We will use swap as our running example to illustrate the tricky points of concurrent programming.

We first a version which contains a data race.

Then, we use "locking" primitives to fix the data race. We either achieve poor scalability or we may run into deadlocks.

Later, we will consider a much simpler solution using Software Transactional Memory (STM).

Swap with data race

swapIORef :: Barrier -> IORef a -> IORef a -> IO ()
swapIORef b x y = do
   vx <- readIORef x
   vy <- readIORef y
   writeIORef x vy
   writeIORef y vx
   signalBarrier b

The swap function may be executed concurrently.

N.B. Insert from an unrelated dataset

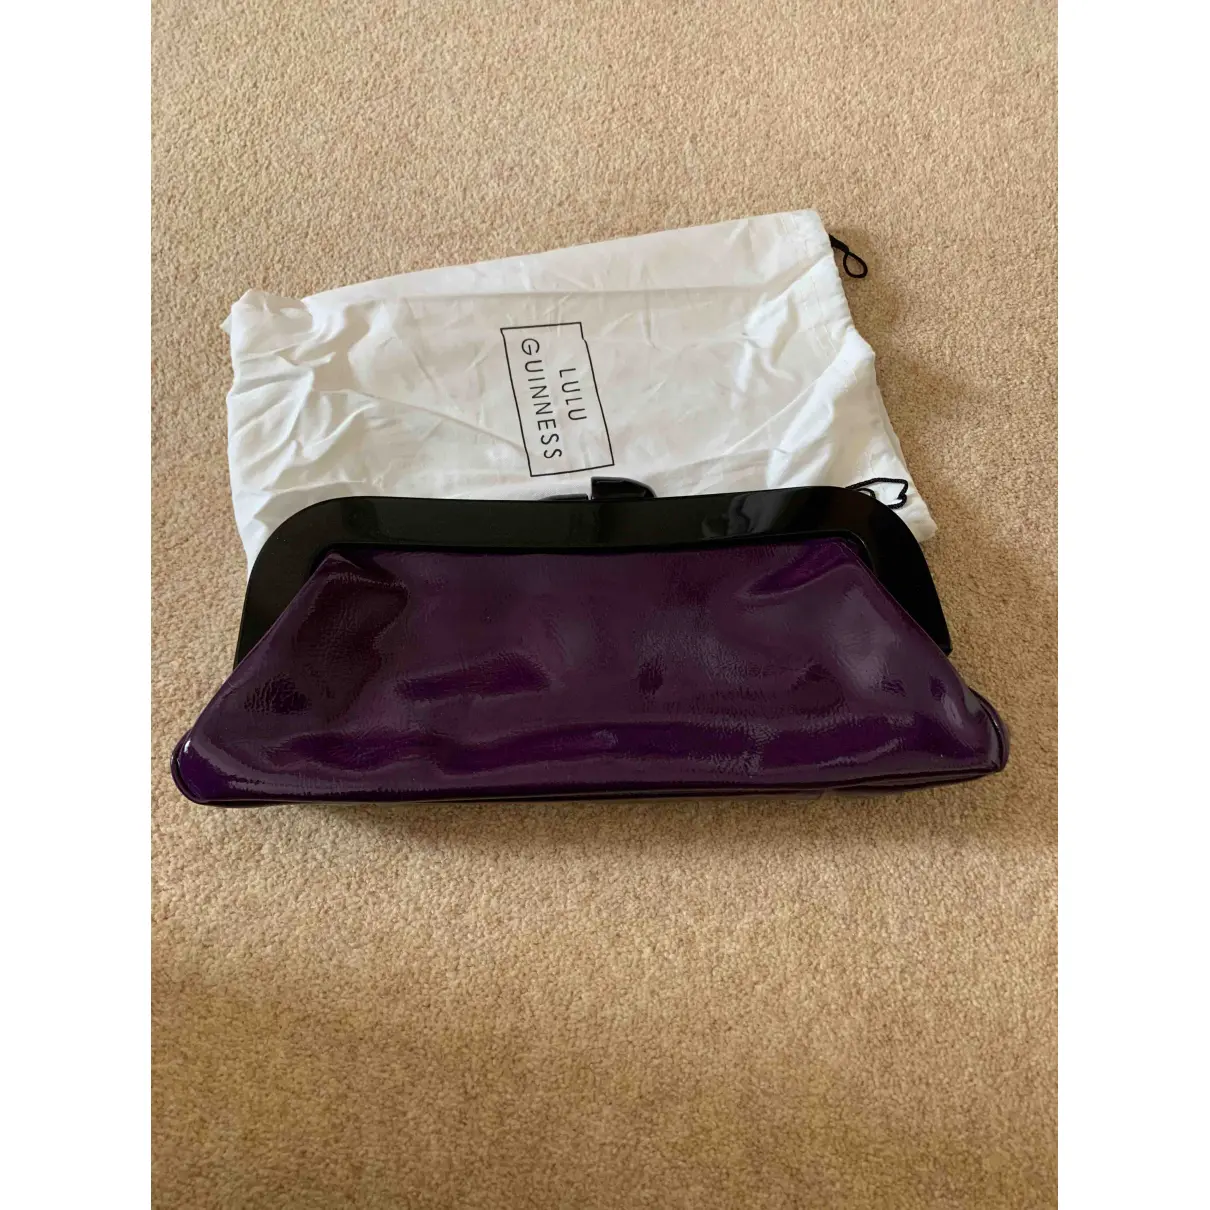 Buy Lulu Guinness Patent leather clutch bag online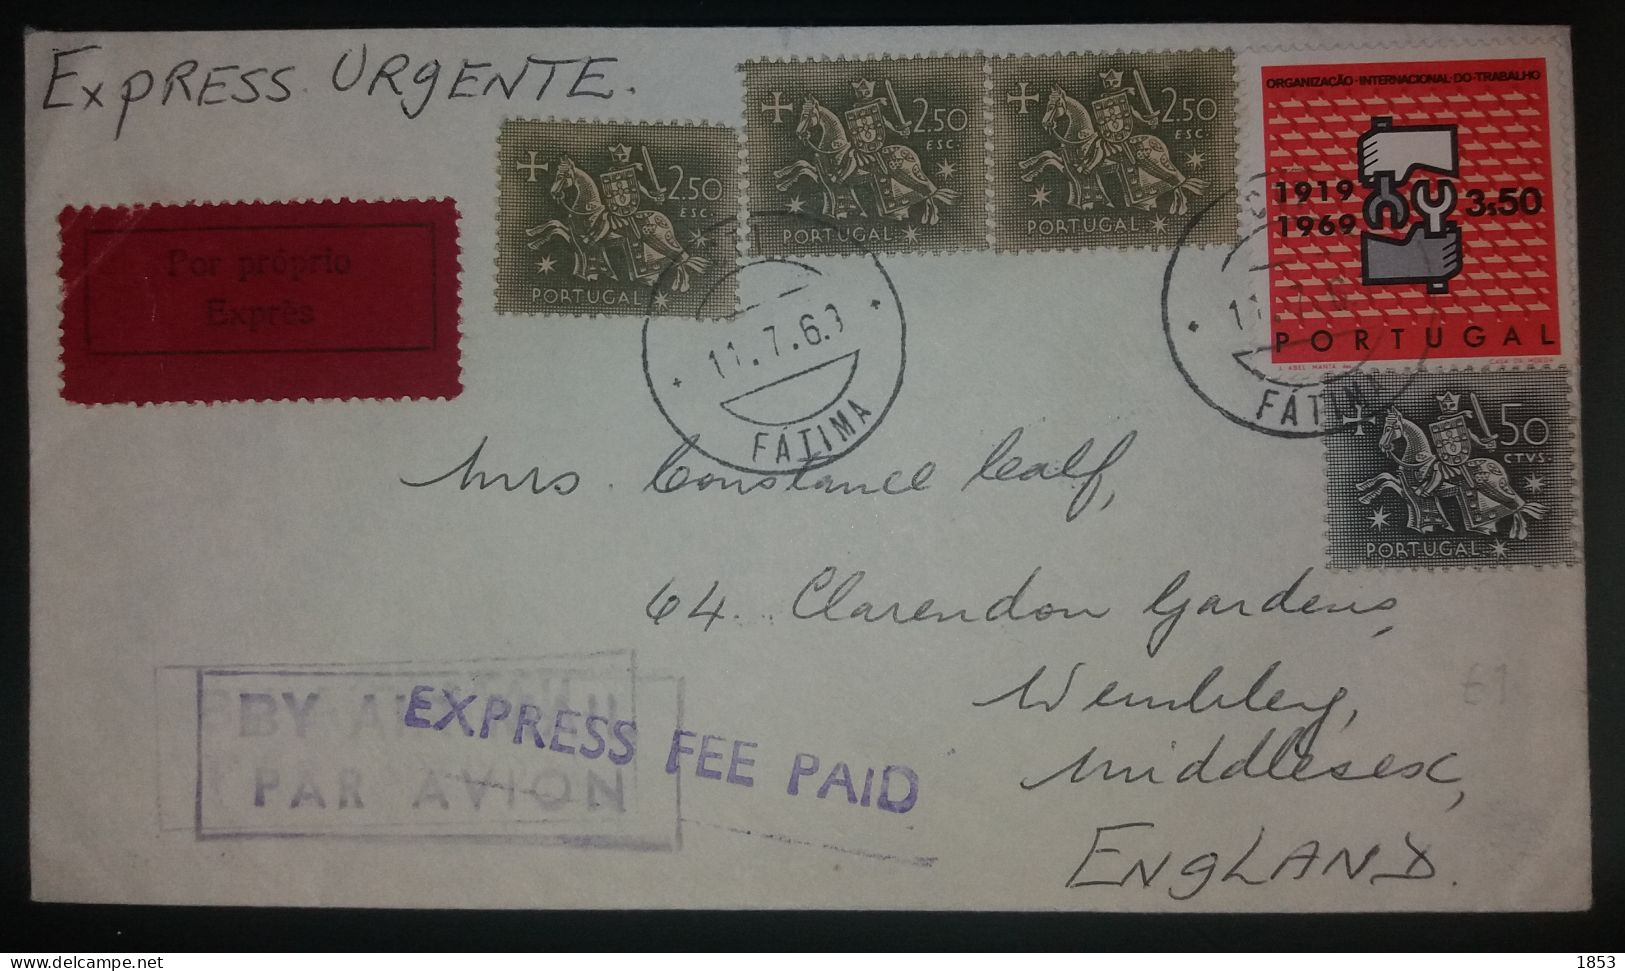 TIPO D.DINIS - CAVALINHO - EXPRESS URGENTE - EXPRESS FEE PAID - Lettres & Documents

Therefore, we use a barrier to signal the calling thread ones swapping is done.
In case of several concurrent swaps, we may potentially run into a data race.

test1 = do
   b <- newBarrier 2
   x1 <- newIORef (1::Int)
   x2 <- newIORef (2::Int)
   x3 <- newIORef (3::Int)
   forkIO $ swapIORef b x1 x2
   forkIO $ swapIORef b x2 x3
 
   waitBarrier b

We have no guarantee that readIORef and writeIORef happen atomically. Therefore, the value stored in x2 could be corrupted.

Complete Source Code

import Control.Concurrent
import Control.Concurrent.STM
import Data.IORef
import Data.List


type Barrier = (Chan (), Int)

newBarrier :: Int -> IO Barrier
newBarrier n = do b <- newChan
                  return (b,n)

signalBarrier :: Barrier -> IO ()
signalBarrier (b,_) = writeChan b ()

waitBarrier :: Barrier -> IO ()
waitBarrier (b,n) = do mapM (\_ -> readChan b) [1..n]
                       return ()


swapIORef :: Barrier -> IORef a -> IORef a -> IO ()
swapIORef b x y = do
   vx <- readIORef x
   vy <- readIORef y
   writeIORef x vy
   writeIORef y vx
   signalBarrier b

test1 = do
   b <- newBarrier 2
   x1 <- newIORef (1::Int)
   x2 <- newIORef (2::Int)
   x3 <- newIORef (3::Int)
   forkIO $ swapIORef b x1 x2
   forkIO $ swapIORef b x2 x3
 
   waitBarrier b

   [v1,v2,v3] <- mapM (\x -> readIORef x) [x1,x2,x3]
   putStrLn $ "x1 = " ++ show v1
   putStrLn $ "x2 = " ++ show v2
   putStrLn $ "x3 = " ++ show v3
     
   return ()

Guaranteeing mutually exclusive access to swapped values

The simplest solution is to impose a global lock.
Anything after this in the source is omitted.